On ne présente plus Rokia Traoré, grande dame de la chanson africaine, dont la voix lumineuse et les arrangements subtils ensorcellent depuis une dizaine d’années les amoureux des musiques métissées. Avec le concert de ce soir, l’occasion est donnée de découvrir son nouvel album.

Vendredi 16 mai à 21h - Entrée 5000 Fcfa
Studio Blonba : accès ici

Billets en vente à partir du 9 mai au CCF

Lauréate du prix RFI 1997, Rokia Traoré a suivi depuis, avec honnêteté et constance, une voie musicale équilibriste, loin des paillettes et du strass de la reconnaissance facile.

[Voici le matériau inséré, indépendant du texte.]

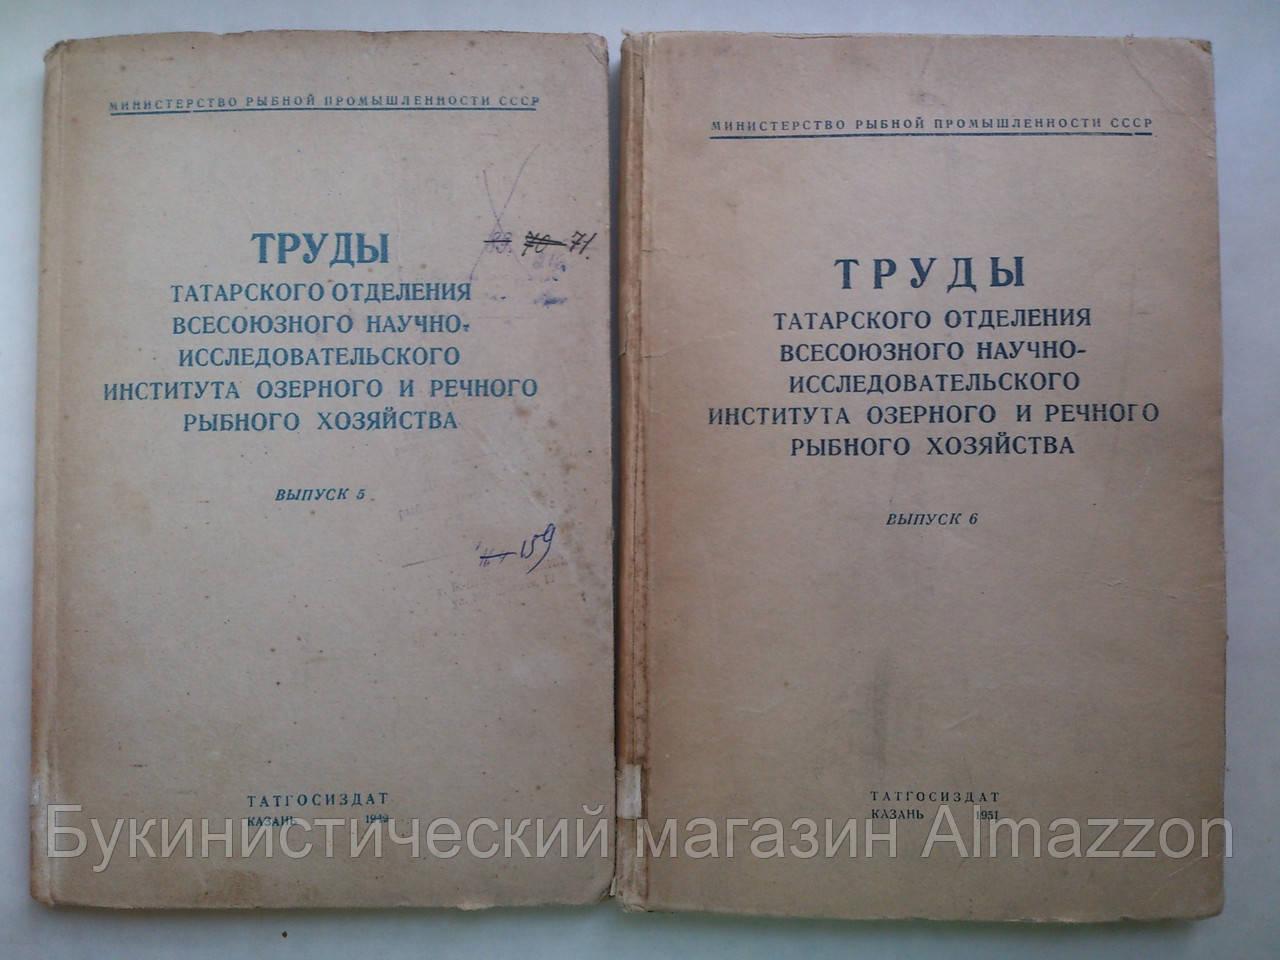 Труды тат. отд. Всесоюзного НИИ озерного и речного рыбного хозяйства - 2 тома

Faire de la musique africaine, mais rester une citoyenne du monde, emprunter à la tradition, mais jouer une musique de modernité, respecter l’existant, mais ouvrir le cœur et les oreilles à la multiplicité du monde. Rokia Traoré porte ses convictions dans sa musique.

 

Pour son nouvel album, Tchamantché, Rokia Traoré a pris des orientations artistiques qui en surprendront plus d’un. Elle chante toujours en bambara bien sûr, mais, à l’occasion d’un voyage nord-américain, elle a découvert le son patiné et atypique des vieilles guitares Gretsch, les premières guitares électriques du rythm’n blues. Elle a aussi appris à apprécier la musique afro-américaine, et a re-découvert la voix intense de Nina Simone.

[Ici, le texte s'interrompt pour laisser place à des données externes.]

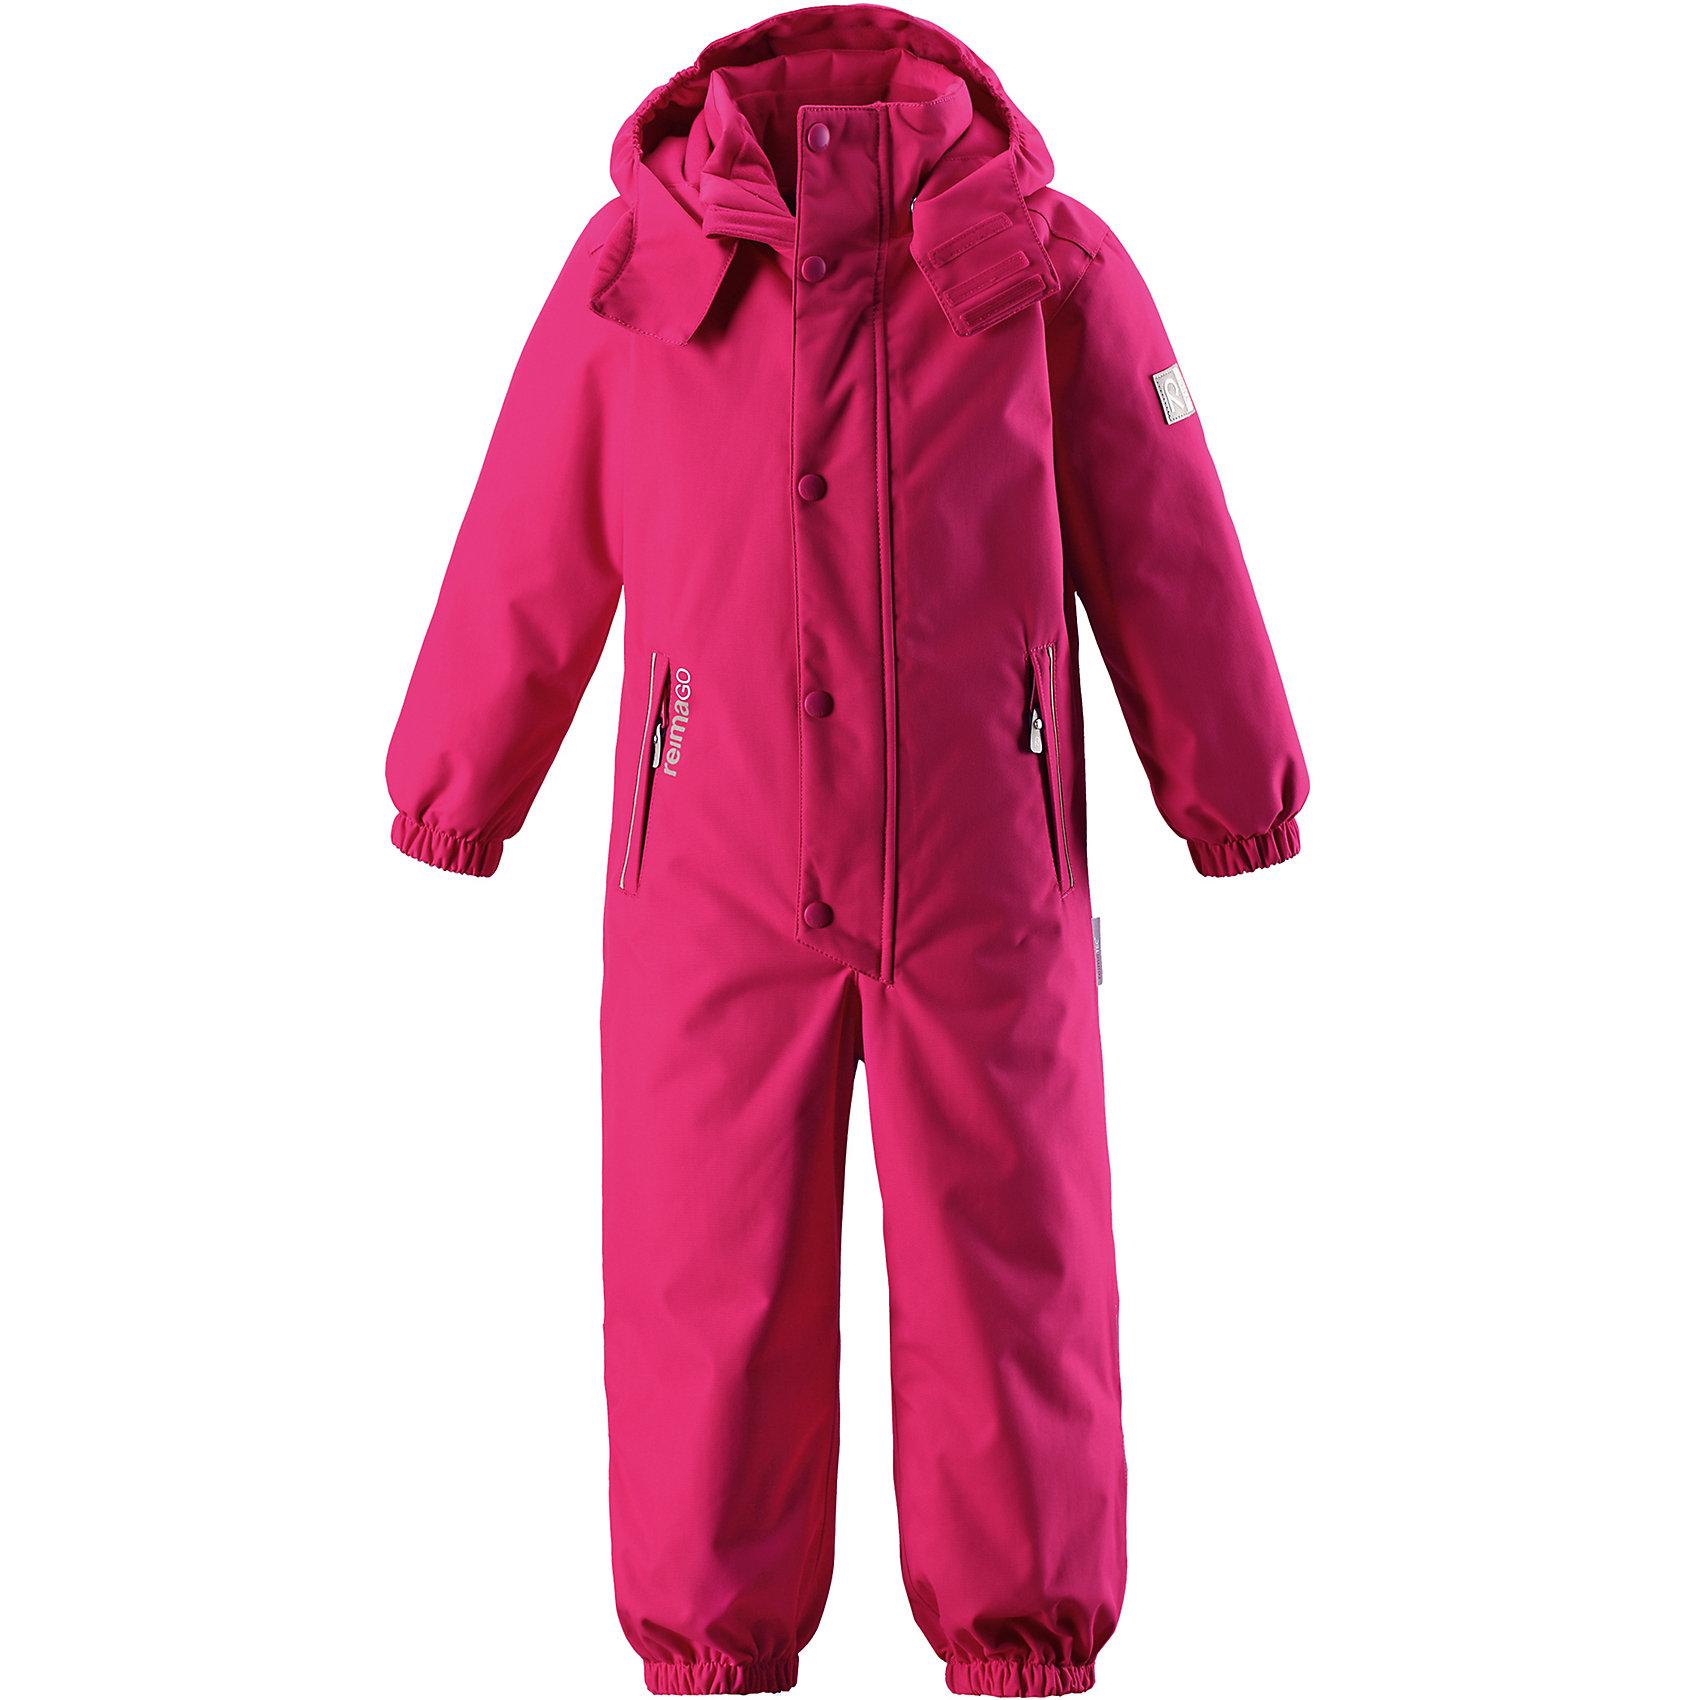 Комбинезон Reimatec® Reima KuusamoКомбинезоны<br>Характеристики товара:<br><br>• цвет: розовый;<br>• состав: 100% полиэстер;<br>• подкладка: 100% полиэстер;<br>• утеплитель: 160 г/м2<br>• температурный режим: от 0 до -20С;<br>• сезон: зима; <br>• водонепроницаемость: 12000 мм;<br>• воздухопроницаемость: 8000 мм;<br>• износостойкость: 80000 циклов (тест Мартиндейла);<br>• водо- и ветронепроницаемый, дышащий и грязеотталкивающий материал;<br>• все швы проклеены и водонепроницаемы;<br>• гладкая подкладка из полиэстера;<br>• эластичные манжеты и пояс сзади;<br>• застежка: молния с защитой подбородка;<br>• безопасный съемный  и регулируемый капюшон на кнопках;<br>• регулируемая длина брюк с помощью кнопок;<br>• внутренняя регулировка обхвата талии;<br>• прочные съемные силиконовые штрипки;<br>• два кармана на молнии;<br>• кармана с креплением для сенсора ReimaGO®;<br>• светоотражающие детали;<br>• страна бренда: Финляндия;<br>• страна изготовитель: Китай.<br><br>Абсолютно непромокаемый детский зимний комбинезон Reimatec® с полностью проклеенными швами. Этот практичный комбинезон изготовлен из ветронепроницаемого и дышащего материала, поэтому вашему ребенку будет тепло и сухо, к тому же он не вспотеет. Комбинезон снабжен гладкой подкладкой из полиэстера. В этом комбинезоне прямого кроя талия при необходимости легко регулируется, что позволяет подогнать комбинезон точно по фигуре. А еще он снабжен эластичными манжетами на рукавах и концах брючин, которые регулируются застежкой на кнопках. <br><br>Съемный и регулируемый капюшон защищает от пронизывающего ветра, а еще он безопасен во время игр на свежем воздухе. Кнопки легко отстегиваются, если капюшон случайно за что-нибудь зацепится. Съемные и регулируемые силиконовые штрипки не дают концам брючин выбиваться из обуви, бегай сколько хочешь! Два кармана на молнии и специальный карман с кнопками для сенсора ReimaGO®. Материал имеет грязеотталкивающую поверхность, и при этом его можно сушить в сушильной машине. Светоотражающие

Rokia a donc abandonné les balafons et les percussions traditionnelles et a invité une rythmique occidentale pour s'hasarder dans les univers tortueux du blues et du rock. Si le n’goni est toujours bien présent, un groove puissant et sensuel vient maintenant transformer la musique de la jeune chanteuse.

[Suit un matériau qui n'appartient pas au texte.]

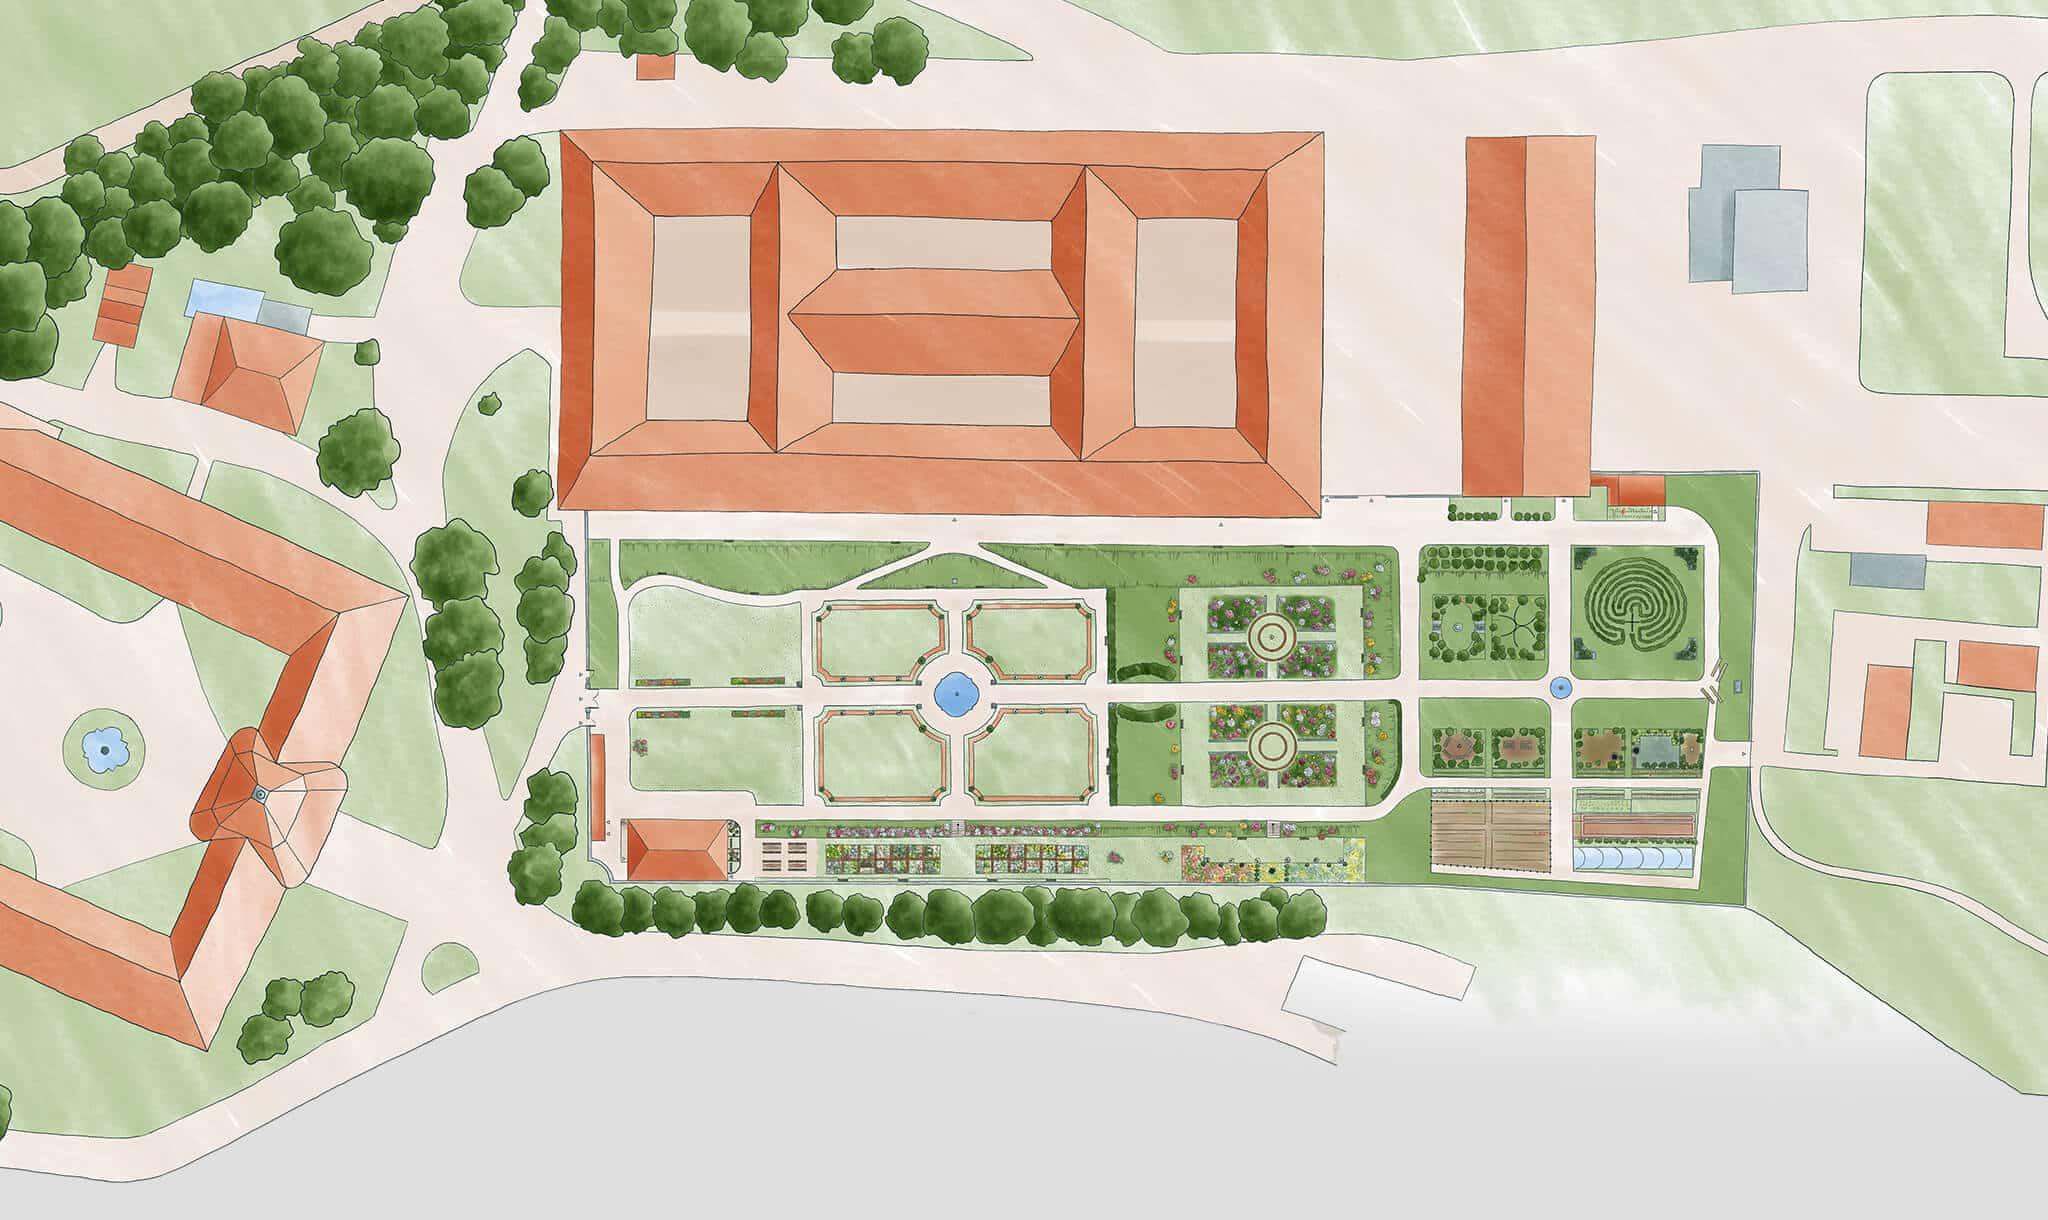 Gartenplan für den Hofgarten des Stifts Seitenstetten

Dans cet étonnant mélange, Rokia Traoré ballade sa voix avec une étonnante facilité, utilisant tous les registres possibles de son talent protéiforme.

Une grande artiste à découvrir – ou re-découvrir – de toute urgence !

  Avec le soutien de la CAM, compagnie aérienne du Mali, des Hôtels Azalaï et de la BIM, K2FM, Radio Kledu, Manutention Africaine Mali
 
 
  Comme l’expérience Mix Up Bamako, Routes to roots se propose de mélanger musiques électroniques et instruments traditionnels africains. Ce soir, ce sont des jeunes de la scène urbaine britannique et des musiciens et rappeurs du continent africain qui se rencontrent sur scène…
 

Vendredi 23 mai à 21h- Entrée 500 Fcfa-

Carrefour des Jeunes

©Salif Traoré

 

Le projet « Routes to Roots » est issu du désir d’artistes afro-britanniques de venir en Afrique se confronter aux puissantes traditions musicales du continent.
Originaires d’un peu partout en Angleterre et très actifs dans les champs de l’électronique, du hip-hop et de la drum’n bass, les artistes anglais ont choisi de collaborer avec des artistes africains de toutes origines, sans règles de jeux préalables, à la croisée des cultures, des influences et des méthodes de production de la musique.
Ecouter

 


 

Côté africain, se succéderont Wali Chan, un jeune gambien véritable maître de kora mais aussi DJ reconnu, au côté de la talentueuse chanteuse et rockeuse marocaine Khansa Batma.
On retrouvera également Wanlov, issu du Ghana, aussi à l’aise en hip-hop, qu’en percussions traditionnelles, et les jeunes Kira Kono, groupe malien de reggae-ragga, formé en 1999 à Kati, tout près de Bamako.

Enfin, il faudra prêter attention à Zwai Bala, l’un des plus importants DJ et mélangeur de musiques traditionnelles et électroniques d’Afrique du Sud.

La scène britannique se composera de Akala, Pase, Bashy et Durrty Goods, leaders en Angleterre de la scène alternative hip-hop et drum’n bass. À leur côté, Kele Le Roc, rappeuse à la voix énergique et Lady Lykez, jeune révélation hip-hop, seront accompagnés par Silvastone, auteur et producteur de Hip Hop et R&B.

Ce soir venez découvir la richesse des musiques urbaines afro-britanniques, trempé dans une sauce très très très piquante !!!